BEGIN Materials provided
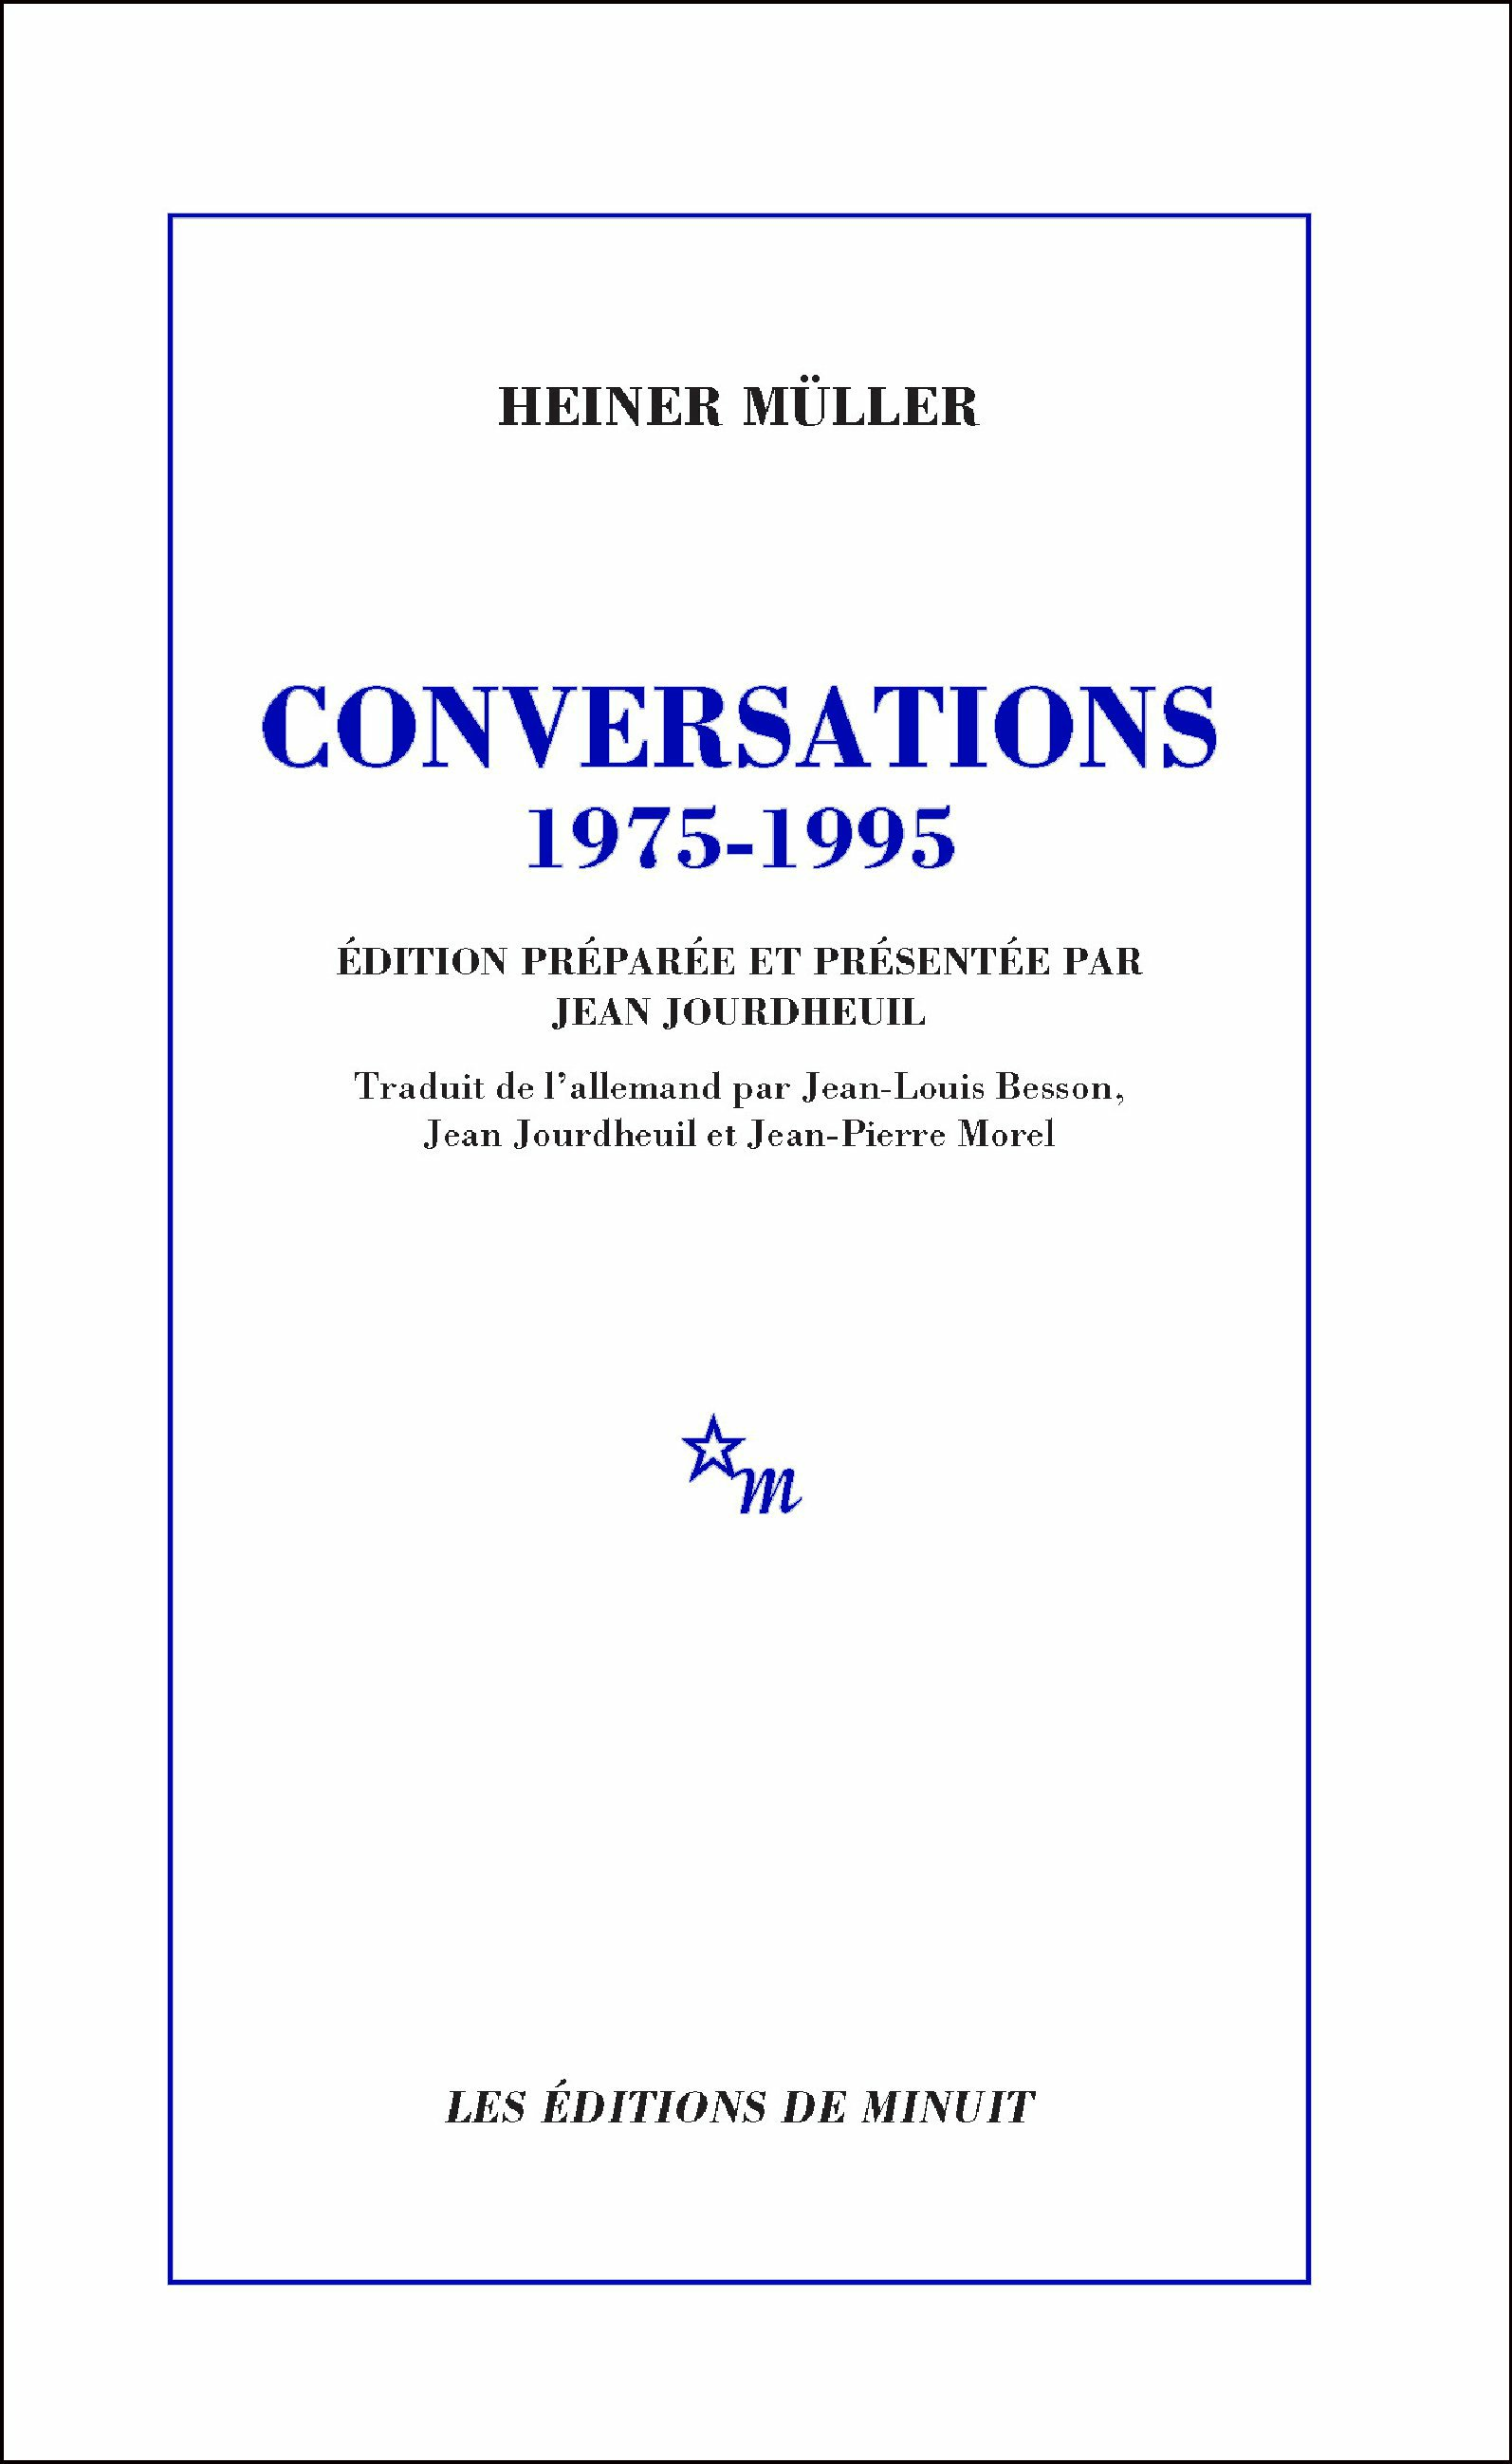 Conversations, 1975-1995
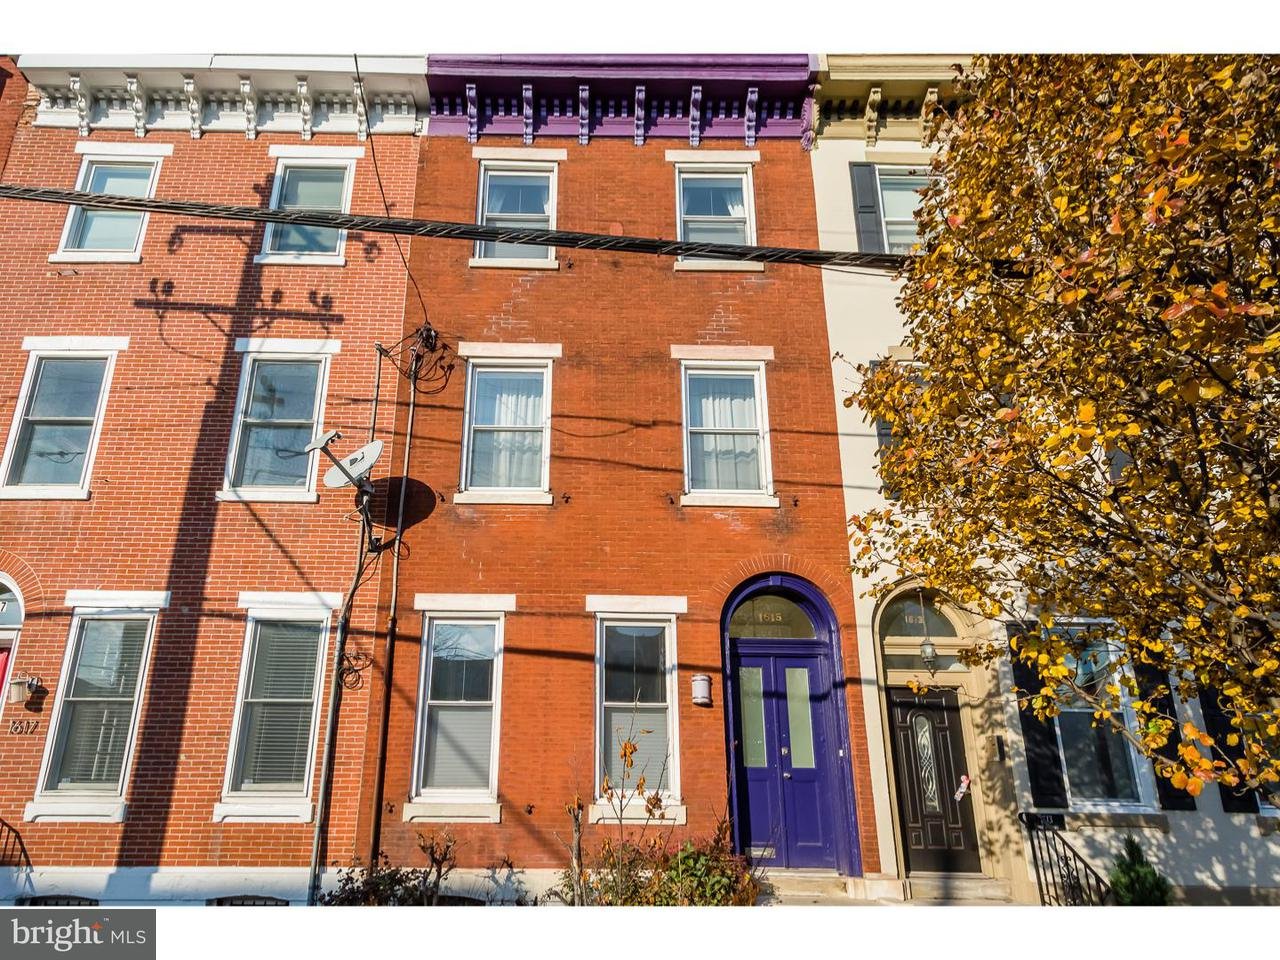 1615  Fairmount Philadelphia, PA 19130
END Materials provided
BEGIN Materials provided
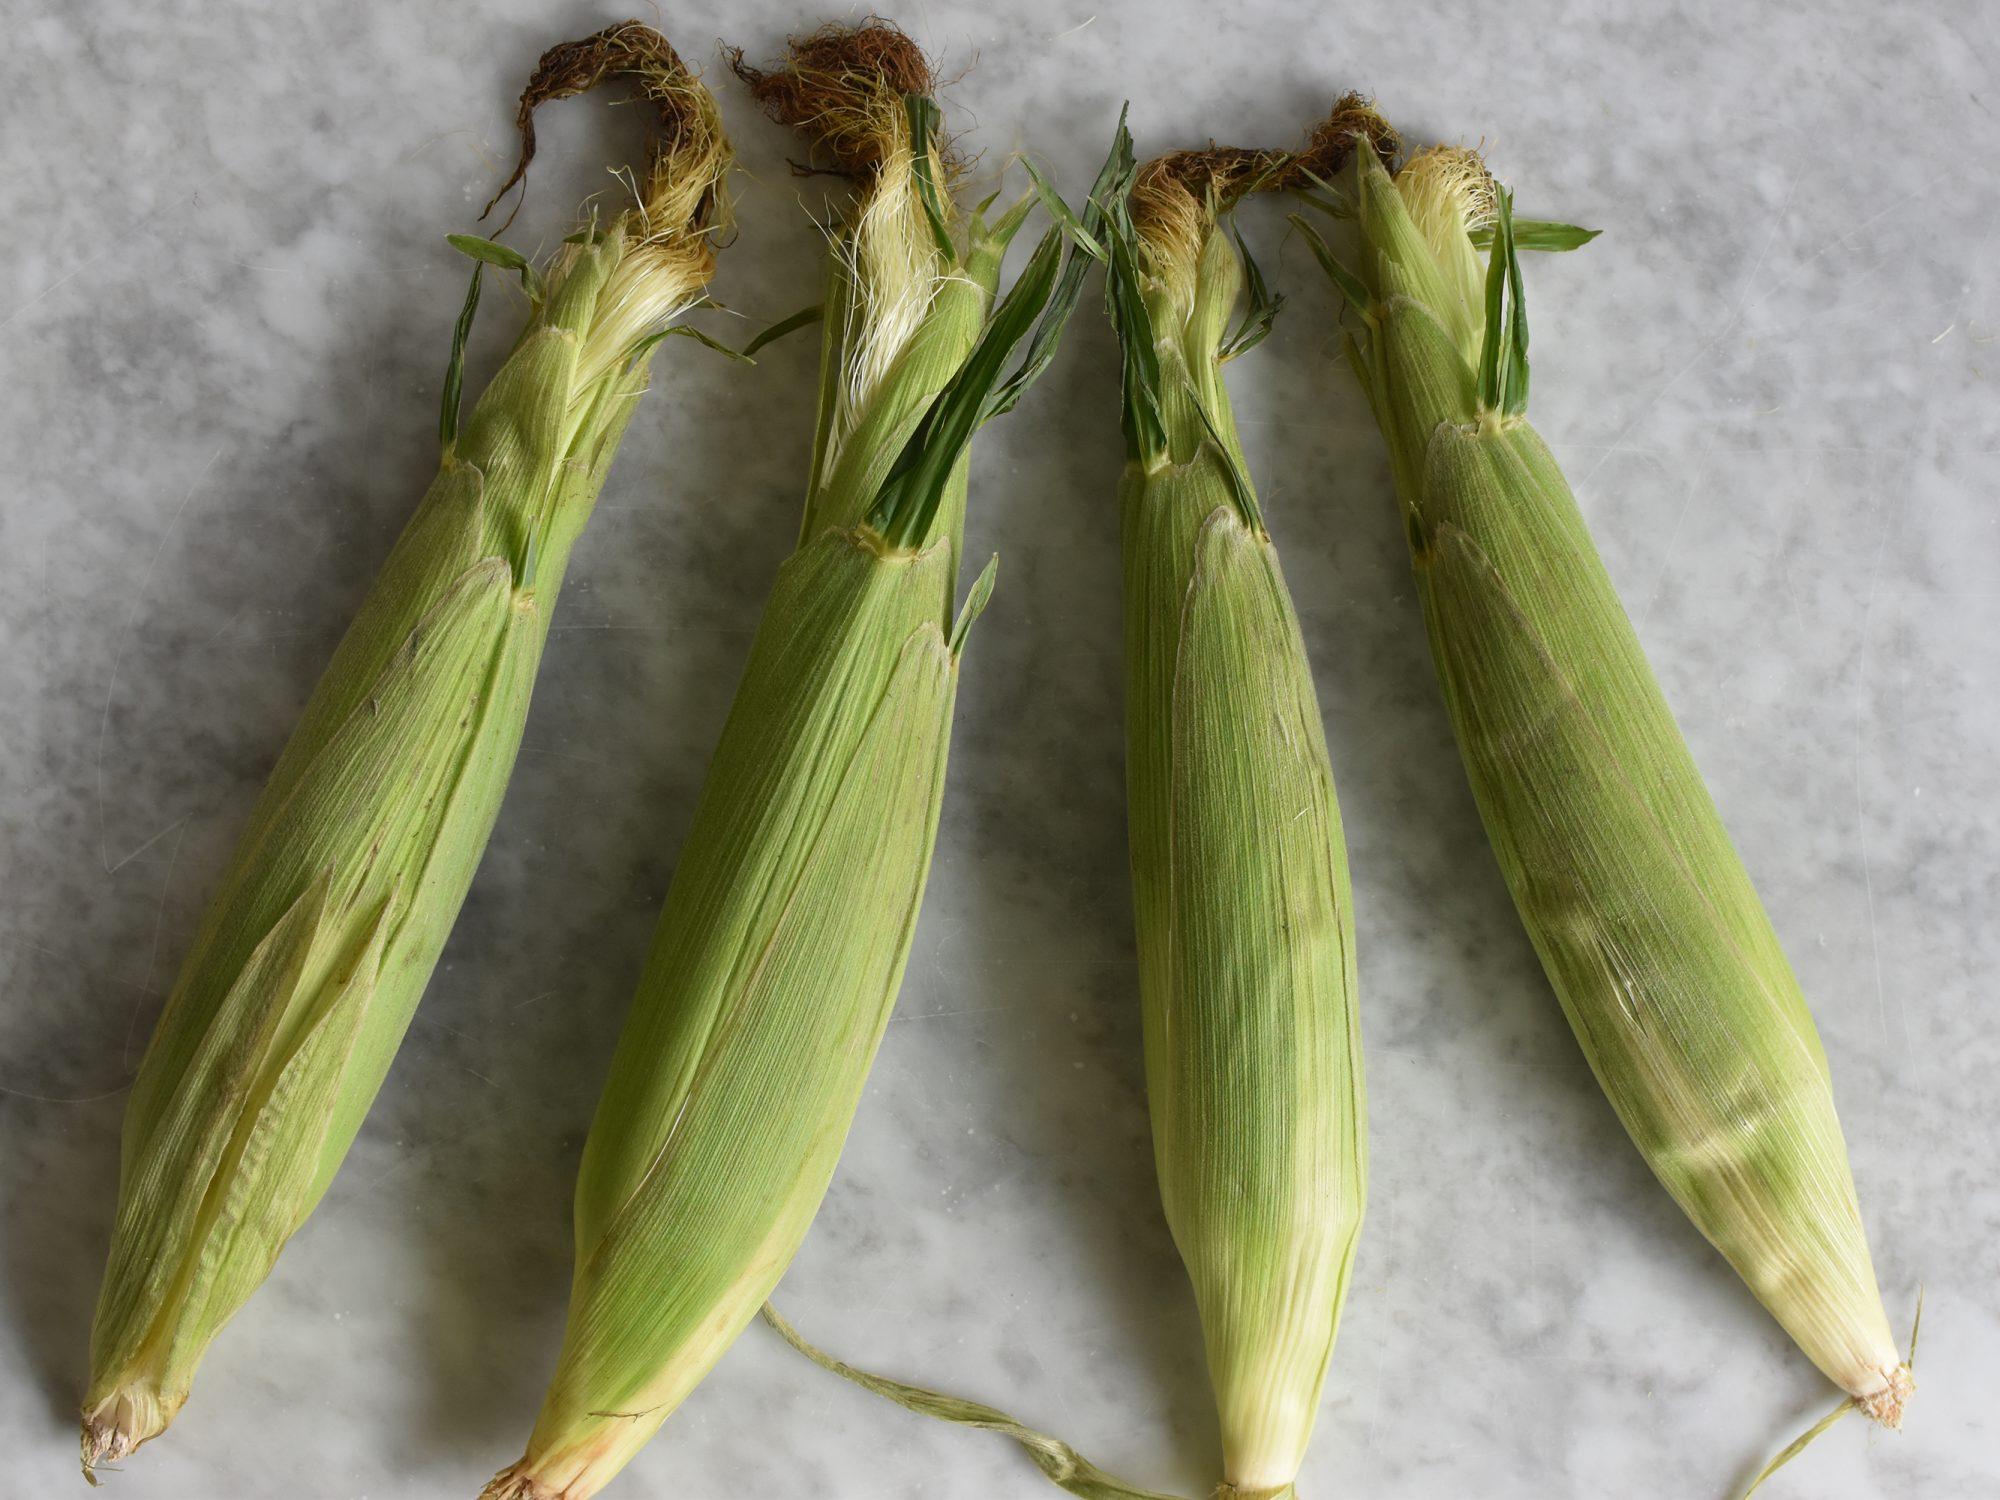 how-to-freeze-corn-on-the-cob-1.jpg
END Materials provided
# Assigned task:
Using the data above, retype exactly the lines from the line with "Conversations, 1975-1995" to the line with "Philadelphia, PA 19130", inclusive. No pictures and nothing else.

# Solved problem:
 Conversations, 1975-1995
 1615  Fairmount Philadelphia, PA 19130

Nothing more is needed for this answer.